_Data block_.

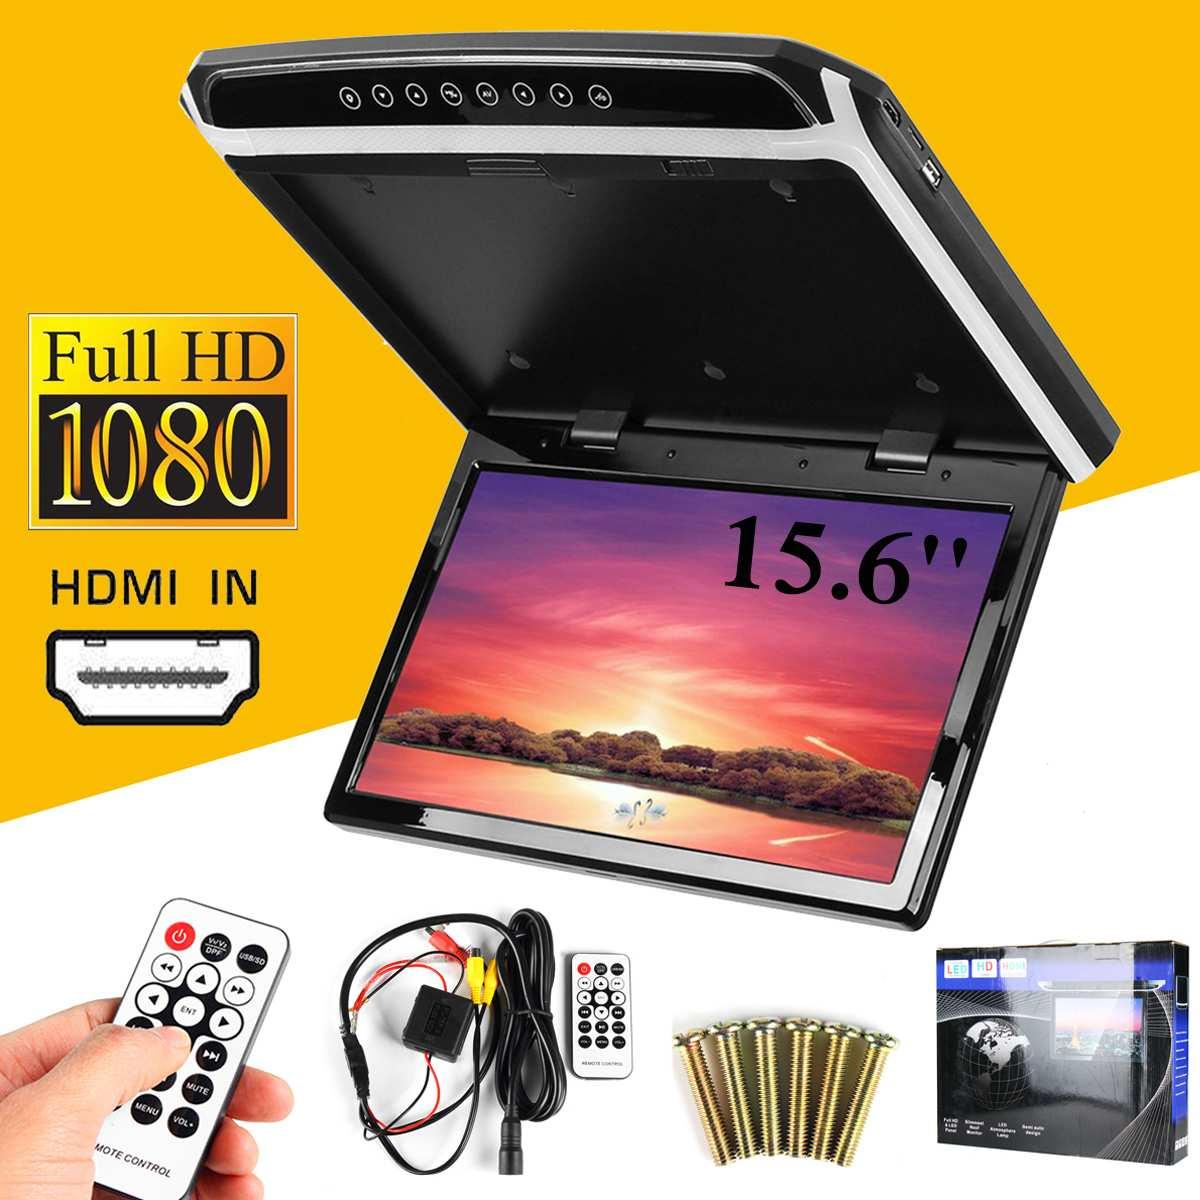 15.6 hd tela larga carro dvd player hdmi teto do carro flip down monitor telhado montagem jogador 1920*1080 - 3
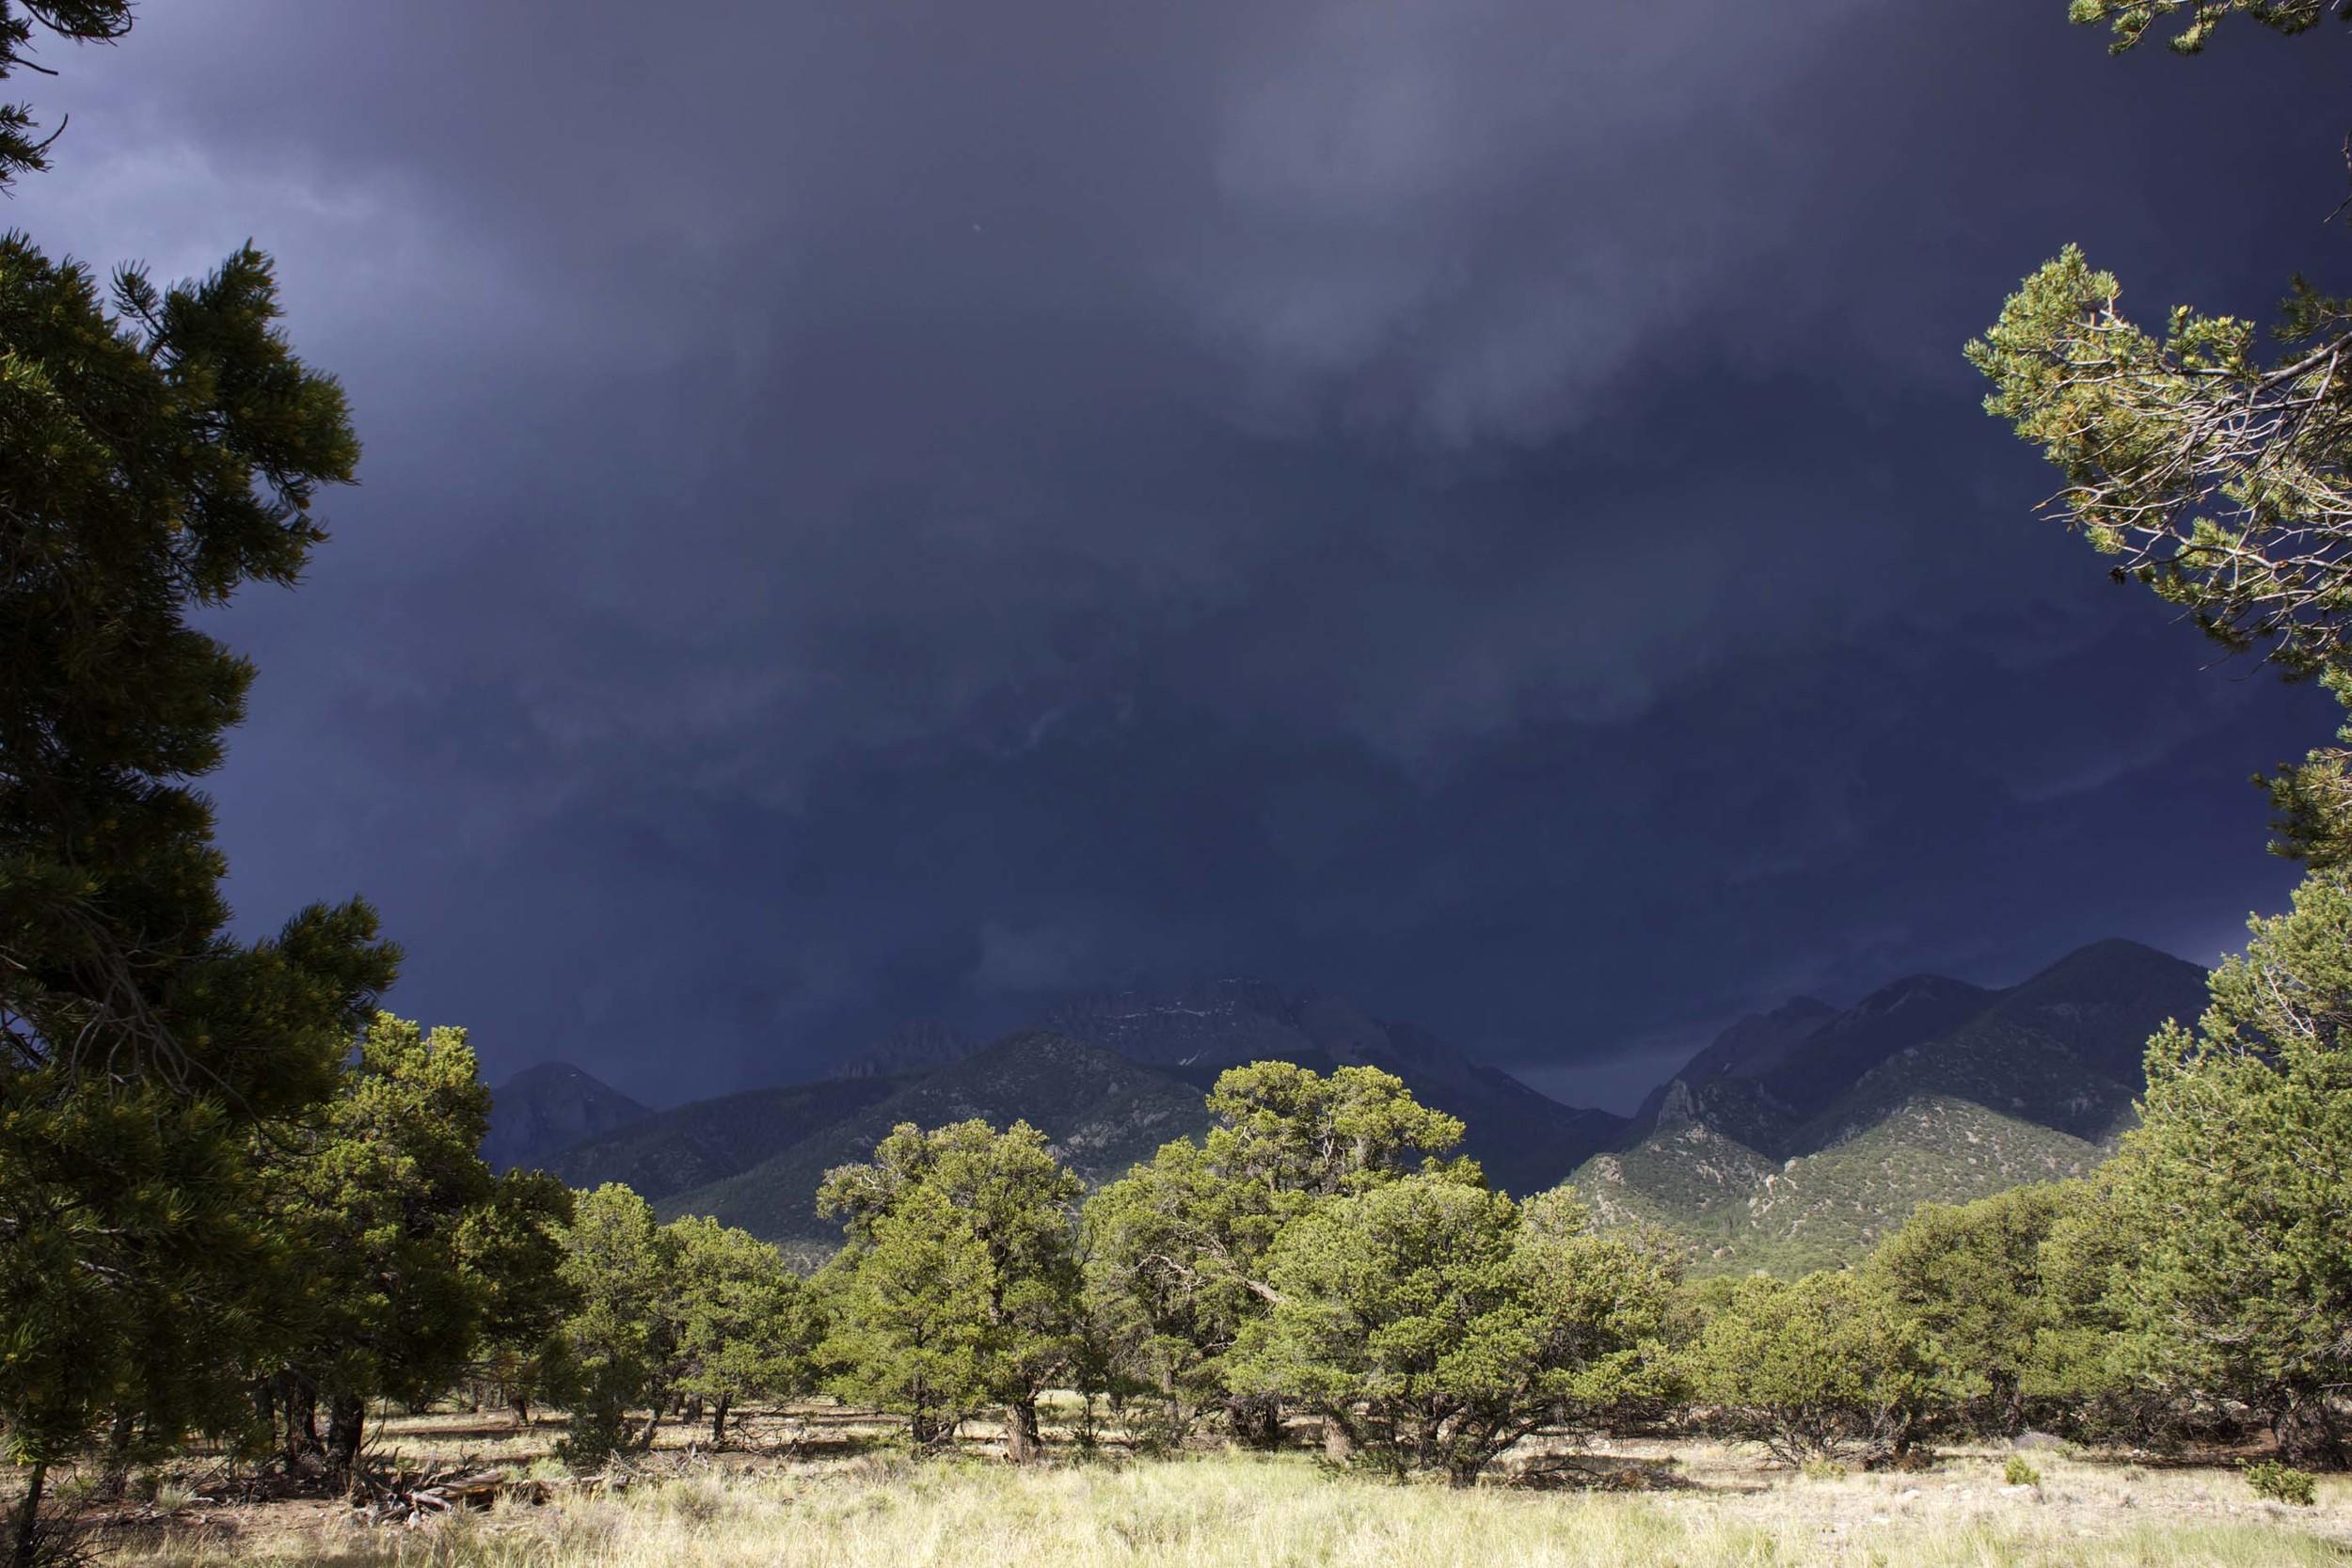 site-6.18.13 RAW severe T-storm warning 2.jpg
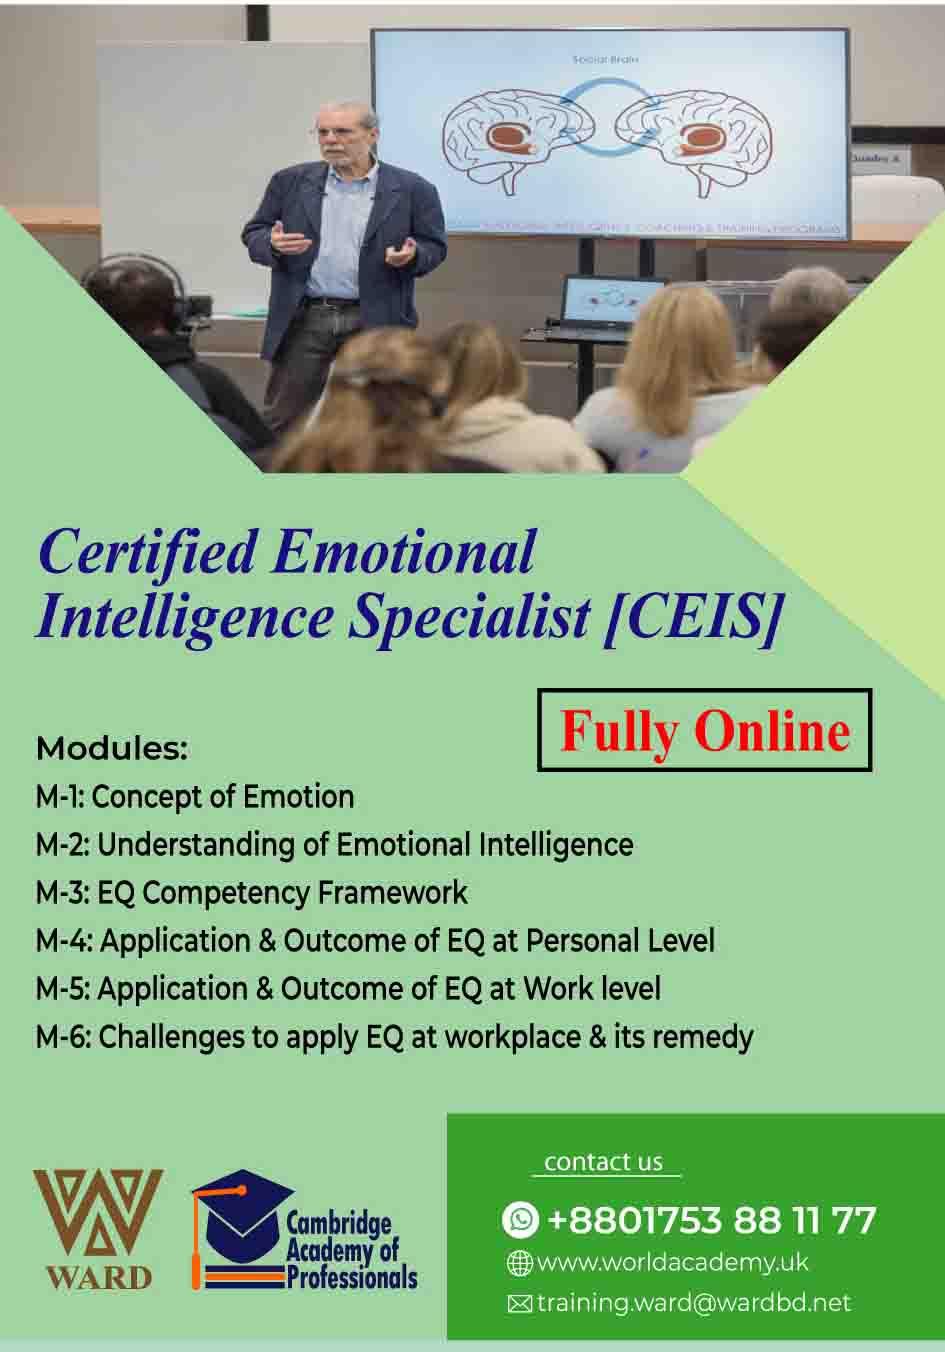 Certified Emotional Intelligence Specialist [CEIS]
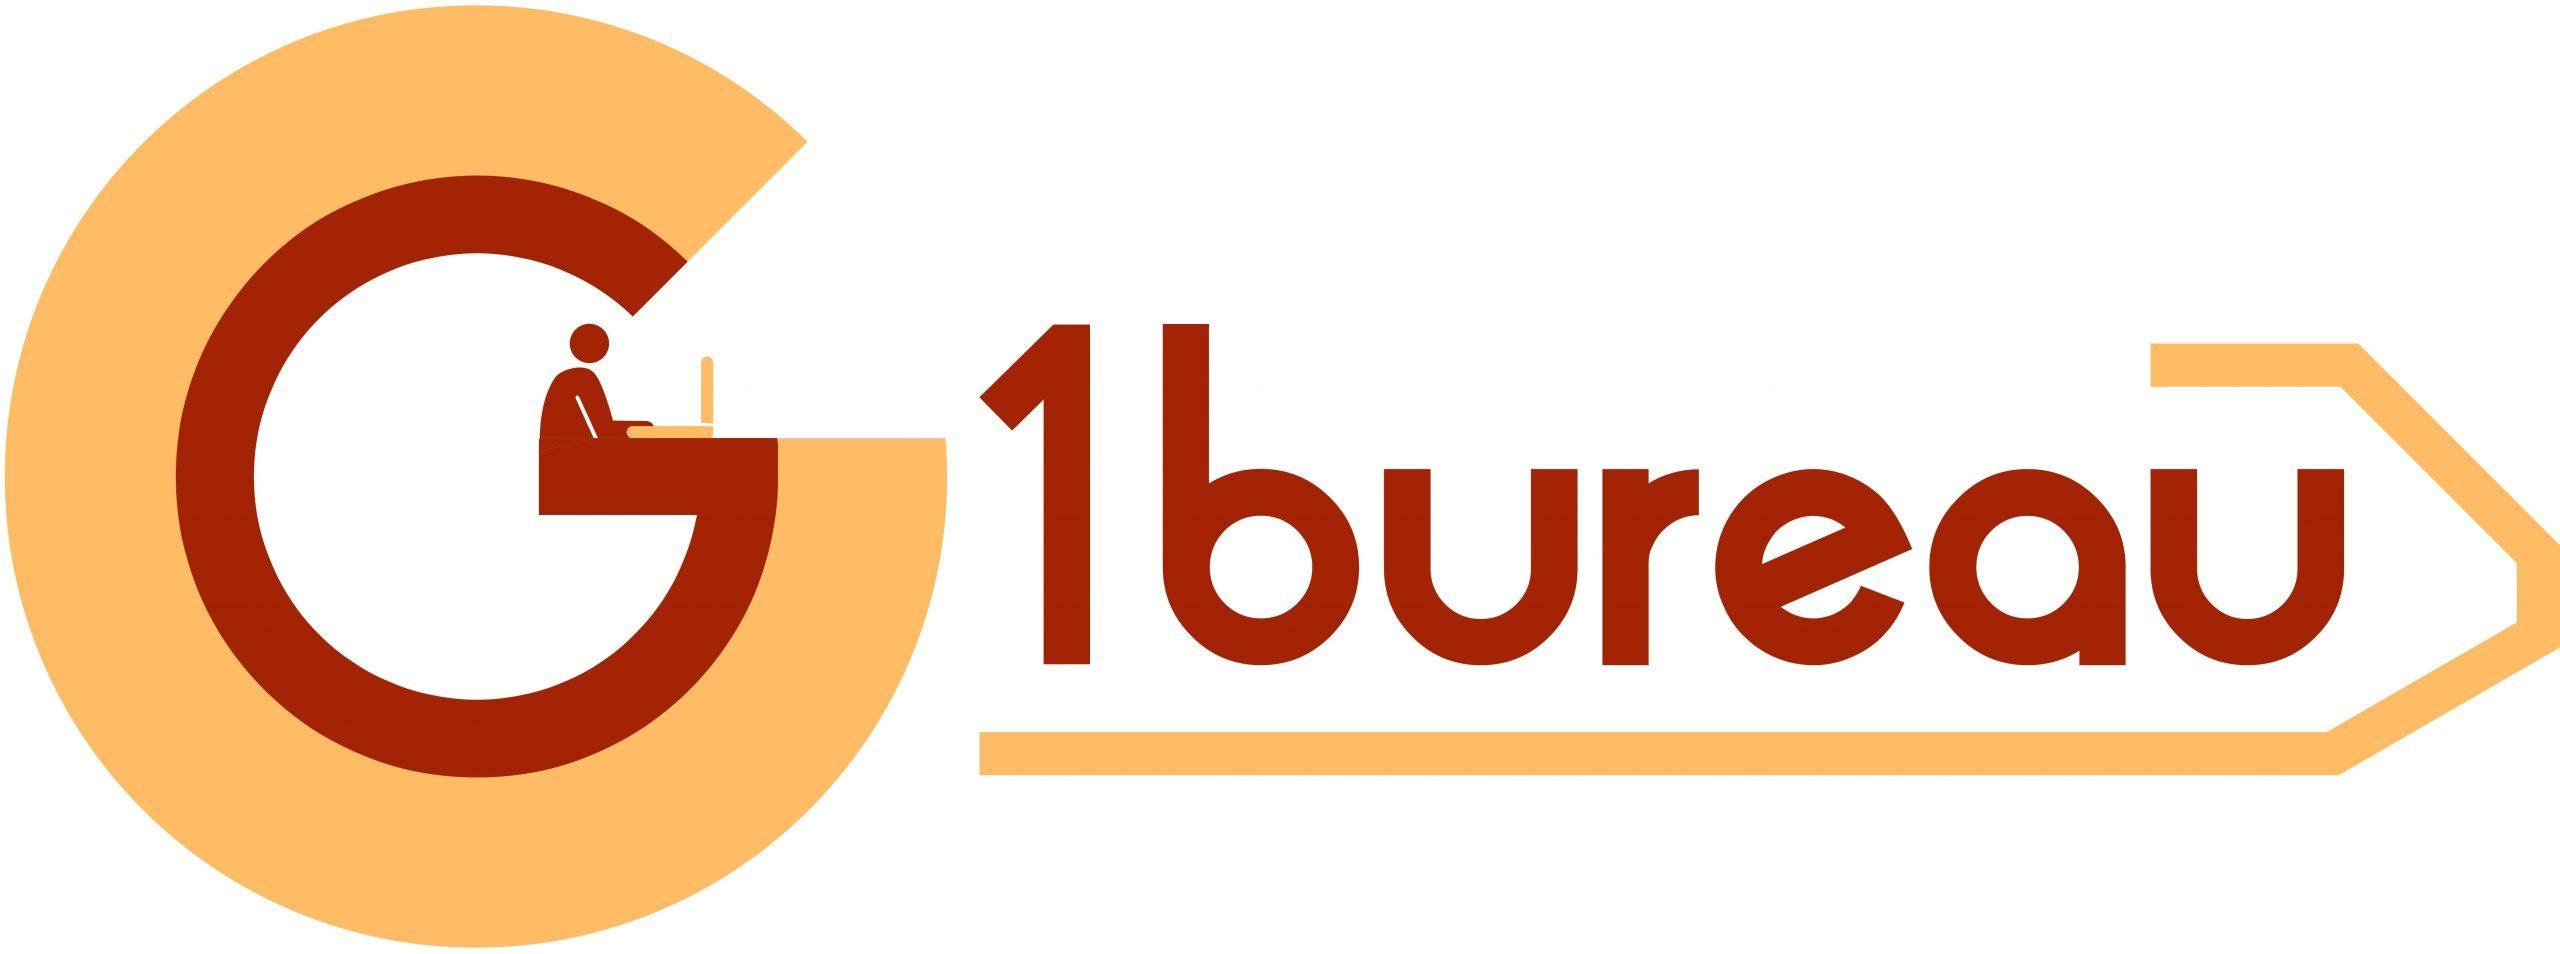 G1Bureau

_What this task involves_.
What you print must be exactly the lines from the one containing "site-6.18.13 RAW severe" through the last line of the material, and no pictures.

_Output of the exercise_.
 site-6.18.13 RAW severe T-storm warning 2.jpg
 Certified Emotional Intelligence Specialist [CEIS]
 G1Bureau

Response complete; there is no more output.